## BRIEF
Begin your copy at the line with "Healthy Kid Friendly Dinner Recipes" in the records below and end it at the line with "37 Healthy Kid", restating each line word for word; omit the pictures.

** THE DATA follows **

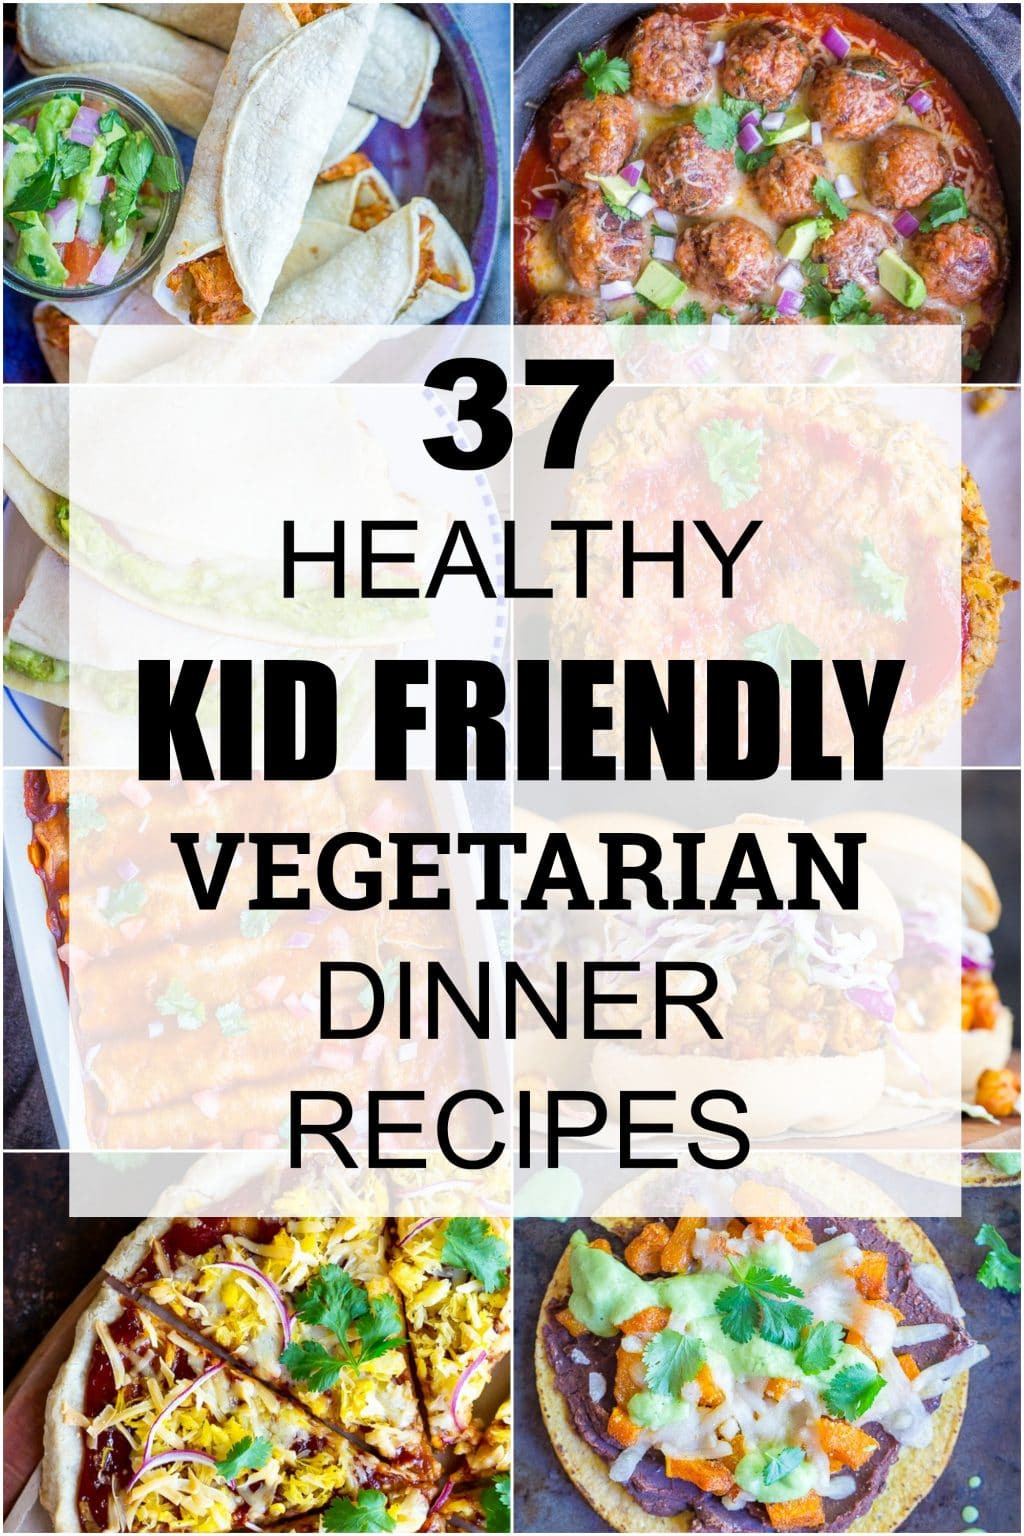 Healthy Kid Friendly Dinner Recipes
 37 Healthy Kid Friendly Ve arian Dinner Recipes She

** End of THE DATA **
** THE DATA follows **

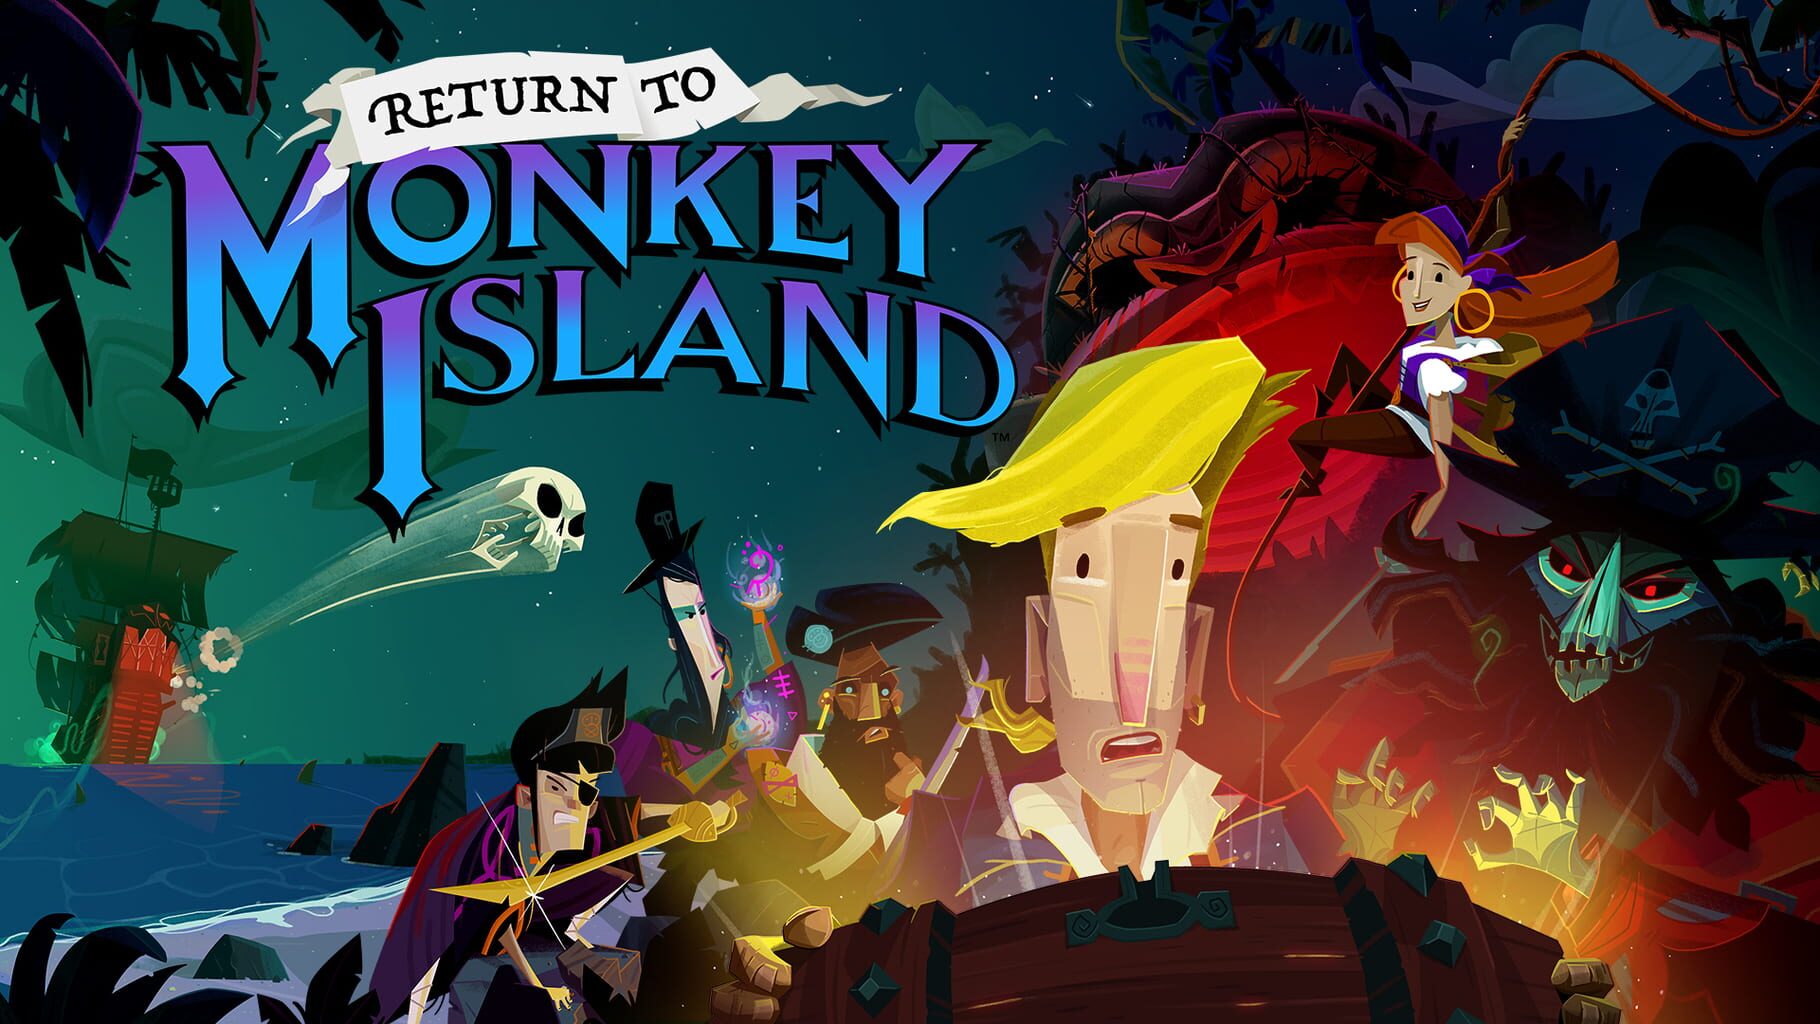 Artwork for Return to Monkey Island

** End of THE DATA **

## WRITTEN SOLUTION
 Healthy Kid Friendly Dinner Recipes
 37 Healthy Kid Friendly Ve arian Dinner Recipes She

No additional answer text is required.